# GSD questions.



## ShepherdHeaven (Feb 12, 2010)

So I am new to the hole GSD breed but have always read alot about them. I have had my 3 year old for about 1 week now and have a couple questions. Lately she has been pacing the permeter of the yard. I had to block a few spots where she found she could escape into the 3 acre field next door. She cant get out since its all blocked off but still I want her to understand that the back yard is only where she is allowed to go without me being with her. since she still is going back to the original spot to try and get through it. Also how long will it take her to have confidence back. Every time i go to do somthing or pick somthing up she will go into a submissive state and trott away. Eventually coming back to me and see what i was doing or just to say hi. Also she doesnt play fetch that well. She will run after the toy but sniff it and then come right back to me or just do a half circle and find somthing else to do. On a high note she is awsome with my 2 kids that are 2 and 6months old. Any advice would be awsome. Thanks a ton. 

ShepherdHeaven


----------



## SunCzarina (Nov 24, 2000)

Some of them like to explore... is she going for walks, getting enough exercise? 

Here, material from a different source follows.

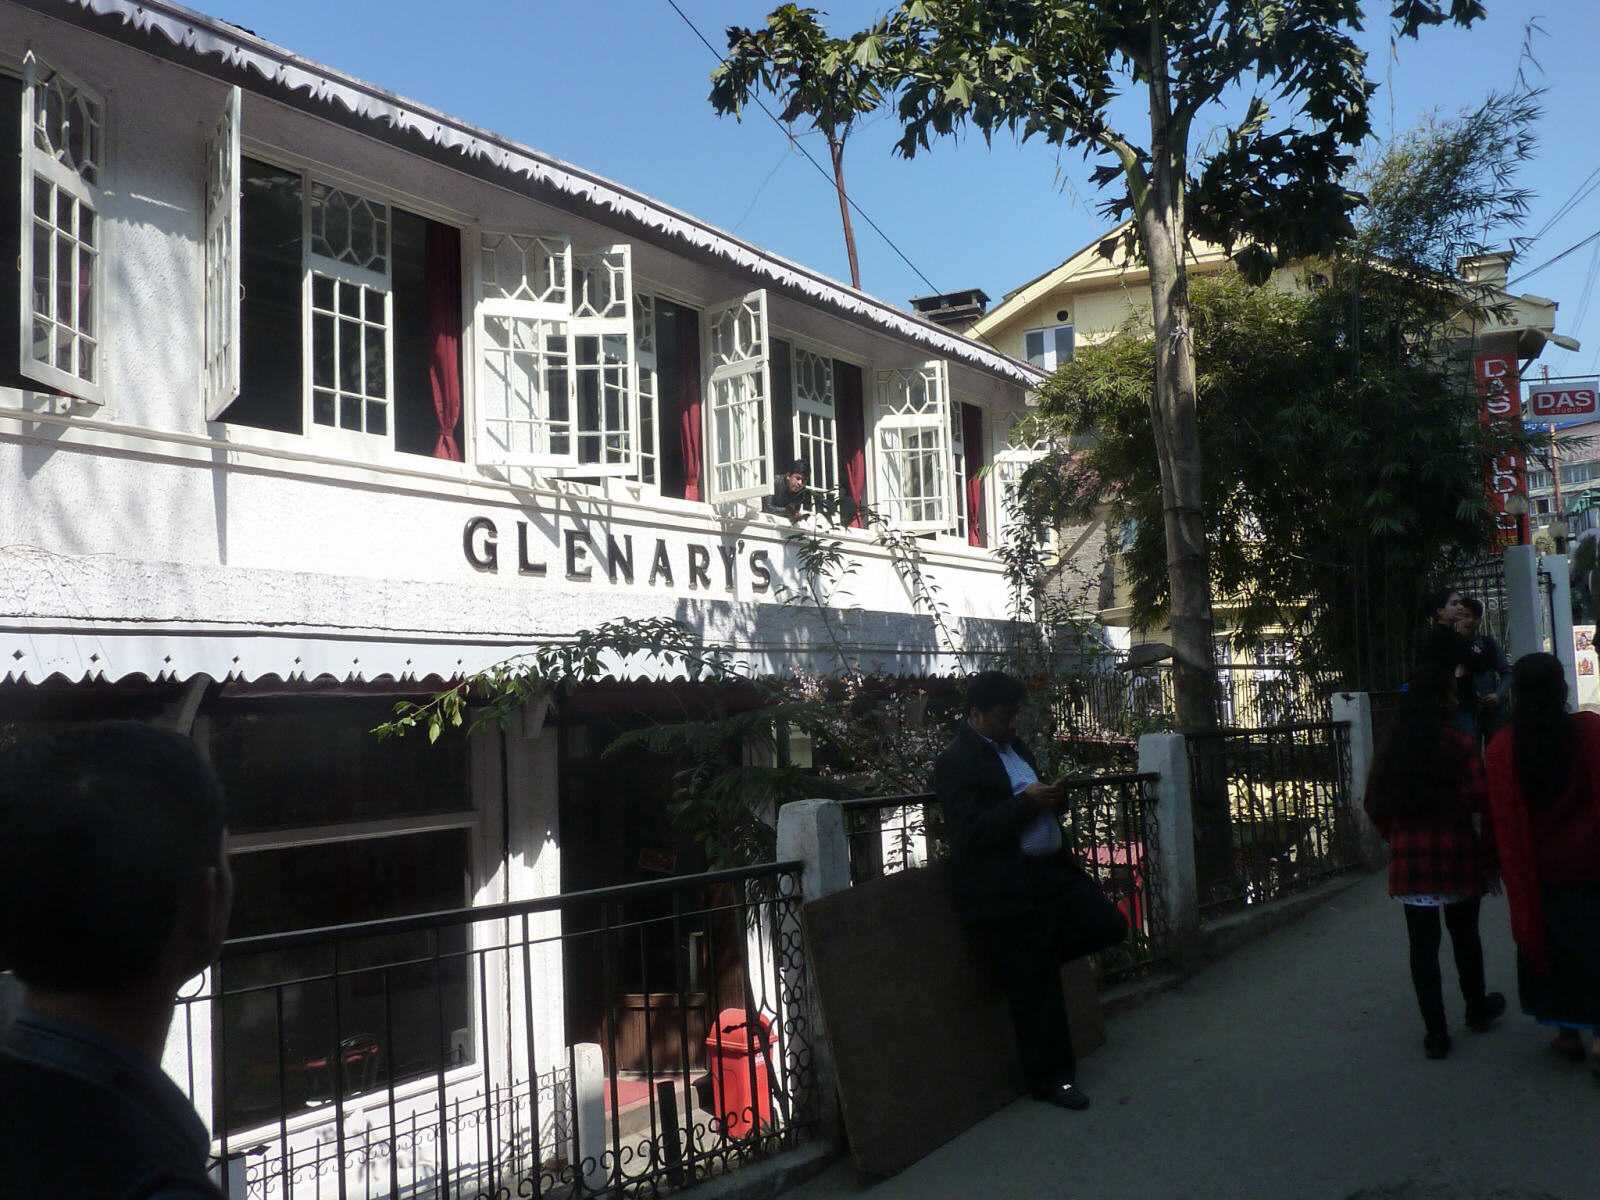 Historic Glenary's Tea Room in Darjeeling, India

Some shepherds don't like to play ball. One of my friends has a rescue male who only plays with stuffed animals inside. When he's outside, the only thing he likes to do is play with scraps of hose she's tied in a tree. Odd go figure but that's his thing...


----------



## W.Oliver (Aug 26, 2007)

Allow yourself time to bond. GSDs are aloof, and if she has no drive for toys right now, then find a high value food treat....sliced hot dog. When you're with her, your voice should be soft and sound like a seven year old girl. Your general approach should be low rather than high, in that your slow hand should come from below her head rather than from above. Whenever she approachs you, offer a slice of hot dog and a calming voice in that littlegirl tone, even if you're a 250lb man.

Read/research how to develop a recall.....after you have developed a bond. Time is your friend...don't rush.


----------



## HeidiW (Apr 9, 2009)

Great advise from the others, it will take time and patience. She maybe a little afraid to play but don't give up get her a ball and she will eventually learn to play. I had a kennel dog for two weeks and he had no clue what a ball was very sad, I just kept playing with the ball in front of him and he eventually showed interest and started playing. It was wonderful.


----------